100% agree with all of the above.
I worked for a major aerospace systems company and had a company Master Card (and used it plenty).
McMaster-Carr would not give me a discrete customer number because my shipping street address was the same as the company's.
No discrete customer number meant they couldn't identify my specific spending so they would not send ME a catalog. McMaster told me "We just sent a half a pallet of catalogs there within the last month". None of those catalogs got to my desk in an engineering department. I bet very few got to buyers in procurement. I also bet that most of them went into a dumpster (or maybe sold on eBay). It was extremely frustrating.

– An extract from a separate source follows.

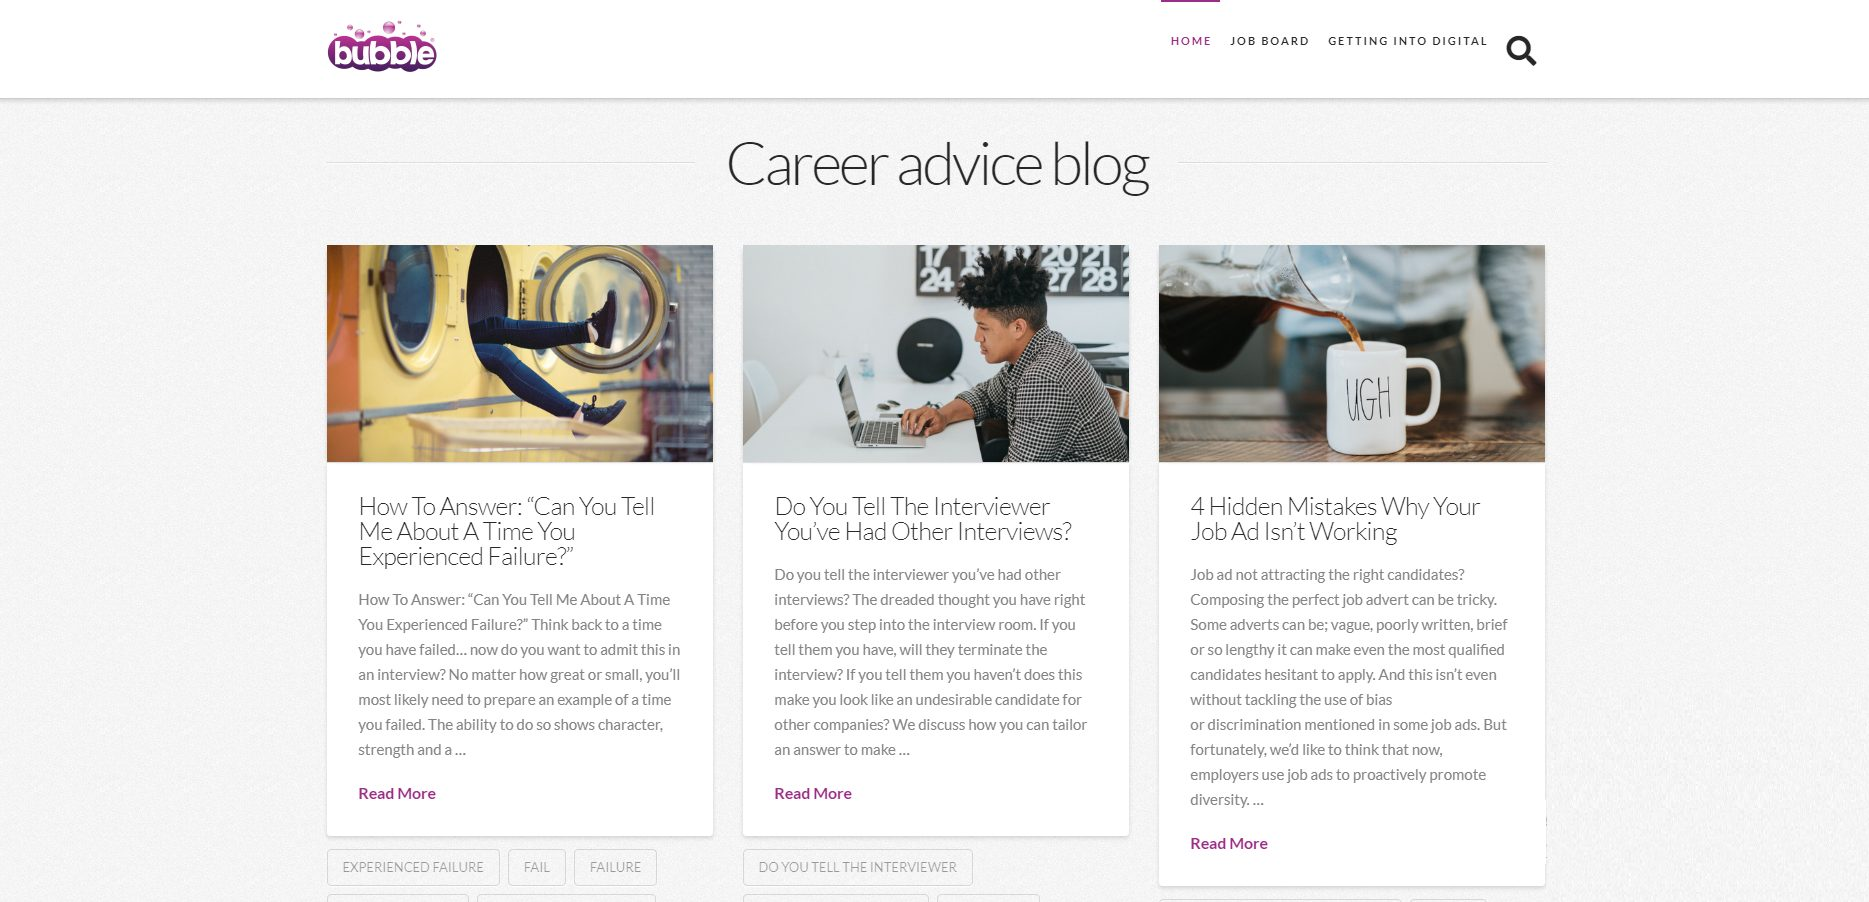 job search advice bubble blog

On a lighter note, for some time in the '90s, McMaster ran a forum on their site. People would ask questions and the community would reply, but more importantly, a McMaster person would reply with a suggestion that Part Number 9XXXXAXXX would solve the problem. There was a sub-forum where the catalog was the main subject, IIRC. Anyway, I read replies there for hours and laughed, ROTF. It was the funniest few hours in my life. It was liberating to read that so many others were equivalently frustrated by the McMaster catalog distribution policies. The expressions of the frustration covered the spectrum from calm, specific, rational to ranting rage and questioning peoples characters.
I don't know when the forum evaporated, but it did.
AFAIK, McMaster does everything else in a world class manor. The catalog distribution . . . not so much. Their policy seems, to me, to based on a doctrine developed in the 19th century. It's incredible to me that they won't even sell the catalog.